Lee olhou para cima quando todos entraram. Ela levantou uma mão em saudação, acidentalmente perdendo o controle da cadeira e caiu de bunda com um grunhido. Isso de alguma forma não a impediu de pegar o pedaço de queijo que ela estava tentando alcançar.

Noah reprimiu um suspiro.

Ainda bem que ainda temos boas primeiras impressões.

“Bem, isso é conveniente. Está todo mundo em um lugar só”, disse Noah. “Gostaria de apresentar vocês todos adequadamente.”

“Nós já nos conhecemos”, disse Lee.

Noah piscou. “Já?”

“Sim. Este é Torrick, e esta é Edda.” Ela apontou para os pequenos demônios por sua vez. “A que está andando por aí e se preocupando com Aylin é Violet, e a que estava andando por aí e se preocupando com Aylin antes de ir ficar na porta e fingir que estava relaxada é Vrith.”

Os ombros de Vrith caíram quando sua cobertura foi descoberta.

“Eu estava me referindo aos novos demônios, Lee”, disse Noah, mas ele tinha certeza de que Lee já deveria saber disso. Ela deveria tê-los sentido chegando a quilômetros de distância — o que significava que ela estava incrivelmente distraída ou tentando agir mais burra do que era. De qualquer forma, provavelmente era melhor apenas seguir o jogo até que ele descobrisse o que era. “Pirren visitou brevemente antes, mas esta é Yoru. Ela vai ficar no acampamento conosco por um tempo.”

“Ah, sim.

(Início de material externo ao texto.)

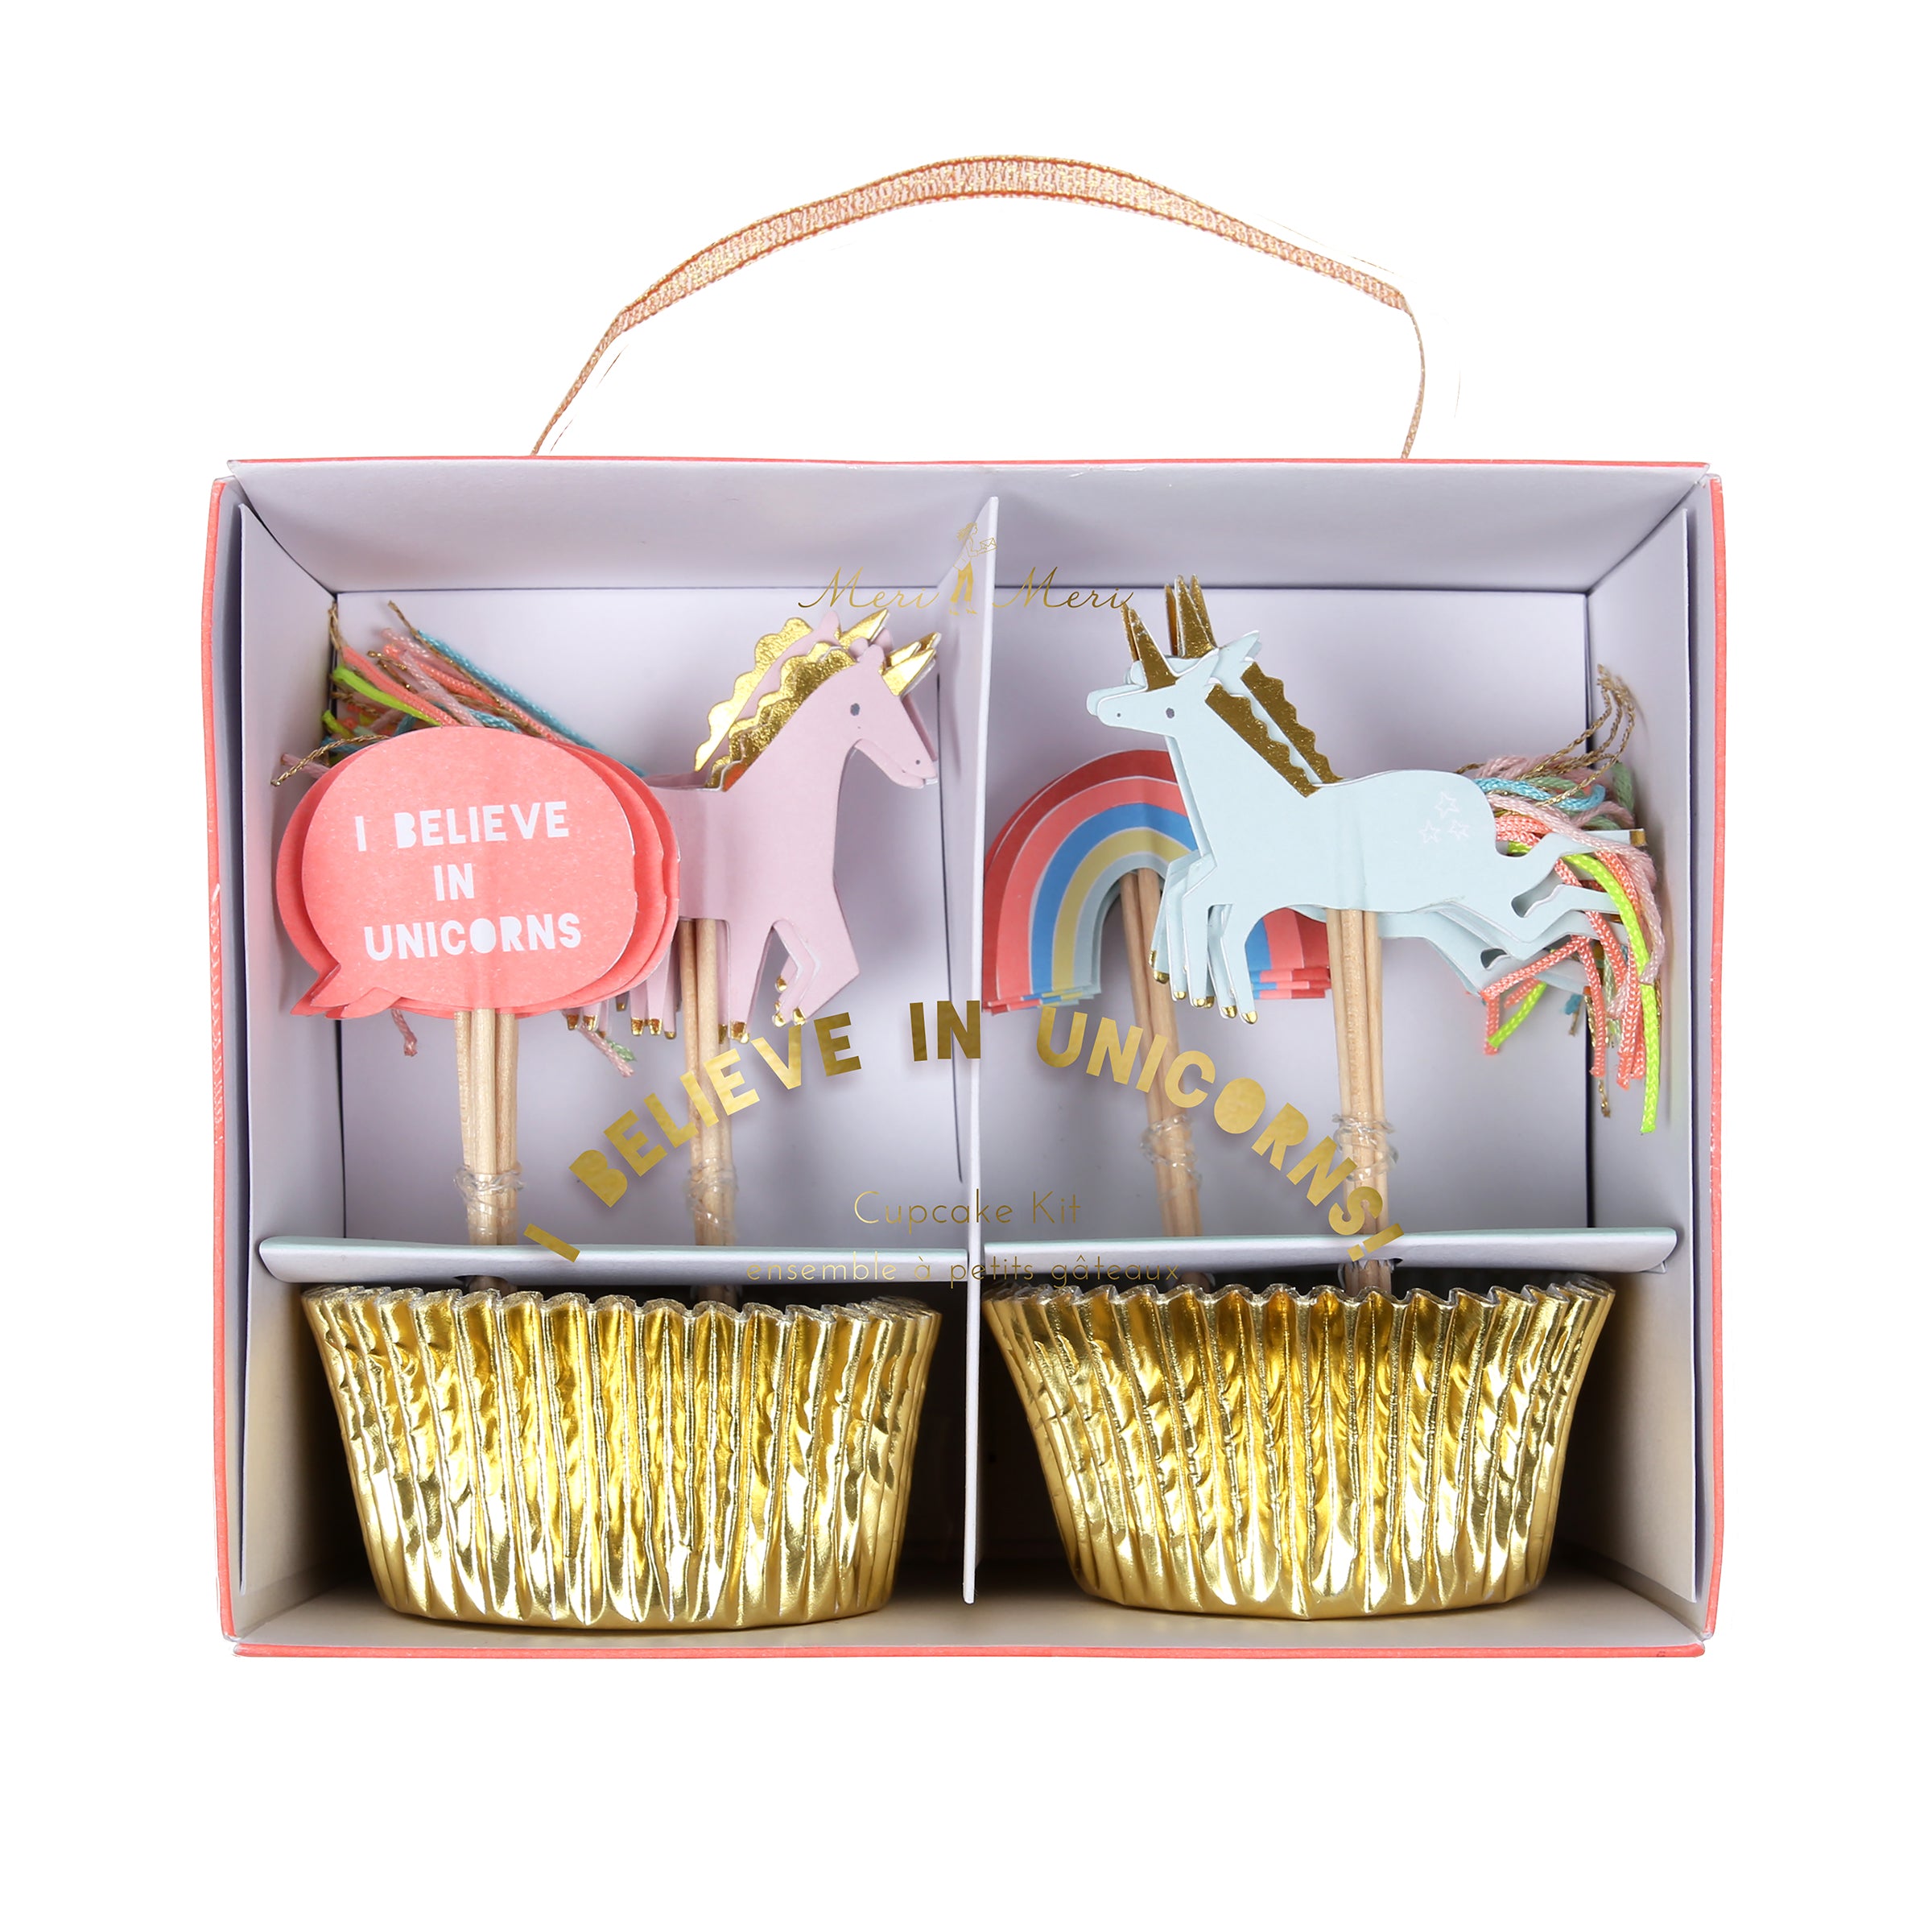 Cupcake Kit I Believe in Unicorns Meri Meri

Eu me lembro de Pirren.” Lee apertou os olhos para eles. Então seu nariz se enrugou e sua cabeça se inclinou para o lado. “Yoru cheira mal.”

Noah se tenso. Ele confiava no nariz de Lee muito mais do que em qualquer uma de suas próprias observações. Se Yoru estava os manipulando ou era uma ameaça, ele se recusava a ser pego de surpresa.

Realmente não parecia que Yoru estava planejando tentar nos ferrar, mas se Lee pegou algo que eu perdi…

“Você deveria tomar um banho”, continuou Lee. “Já faz muito tempo desde o seu último.”

Foi preciso cada pedaço de força de vontade que Noah tinha para evitar soltar uma risada surpresa. Ele não esperava que Lee estivesse falando sobre um cheiro literal. Ele realmente não tinha notado nada de estranho em Yoru, mas não era como se ele estivesse cheirando ela.

O pequeno demônio olhou para suas mãos, então de volta para Lee. “Eu cheiro?”

“Sim.”

“Provavelmente existem maneiras um pouco mais educadas de dizer isso, Lee”, disse Noah gentilmente. “Mas todos nós estivemos andando por aí por um tempo. Tenho certeza de que todos nós poderíamos usar uma limpeza, mas deixe-me terminar as apresentações primeiro.”

“Não há necessidade”, disse Yoru. Sua cabeça se inclinou para o lado e quase cinco segundos de silêncio desconfortável se passaram antes que ela retornasse à sua posição normal. “Eu me familiarizei com todos os presentes.”

“É preciso mais do que uma breve apresentação para isso”, disse Noah. “Eu sei que você está acostumada a viver sozinha, mas é importante fazer amigos.”

“Eu já estou ciente de seus nomes e desejos.” Yoru apontou para Vrith. “Esta é Vrith. Ela está pensando em me esfaquear. Ela também está pensando em Aylin.”

Noah piscou.

“Tenho certeza que ela não está…”

“Não, eu estava”, disse Vrith, olhando para Yoru com os olhos arregalados. “É importante encontrar a maneira mais rápida de matar qualquer um quando você os encontra pela primeira vez, caso eles tentem te trair… mas eu certamente não estava pensando em Aylin.”

O constrangimento tingiu suas bochechas com intensidade suficiente para deixar absolutamente claro para Noah que Vrith estava mentindo descaradamente. Yoru a tinha lido perfeitamente.

“Estava em seus olhos”, respondeu Yoru. Ela se virou para o resto da sala e apontou para um demônio após o outro. “Torrick. Ele quer se esconder. Edda. Ela está com fome. Lee. Ela quer me comer. Ela também acha que eu cheiro mal. Violet. Ela ama Aylin e está preocupada que eu represente uma ameaça para ele.”

Noah olhou para Yoru em descrença. Isso era mais do que apenas encontrar uma maneira de detectar a magia que outra pessoa estava usando.

Essa não é a primeira vez que Yoru sabe mais do que deveria. Que diabos está acontecendo com ela? Será que ela tem uma maneira de ler a mente das pessoas ou algo assim? Deus, eu realmente espero que ela não seja uma usuária de Runas Mentais. Eu odeio Runas Mentais.

“Como você sabia disso?”, exigiu Violet, salvando Noah de ter que descobrir uma maneira de perguntar a mesma coisa. Ela deu um passo à frente e seus lábios se afinaram enquanto ela observava o outro demônio com cautela. “Quem é você?”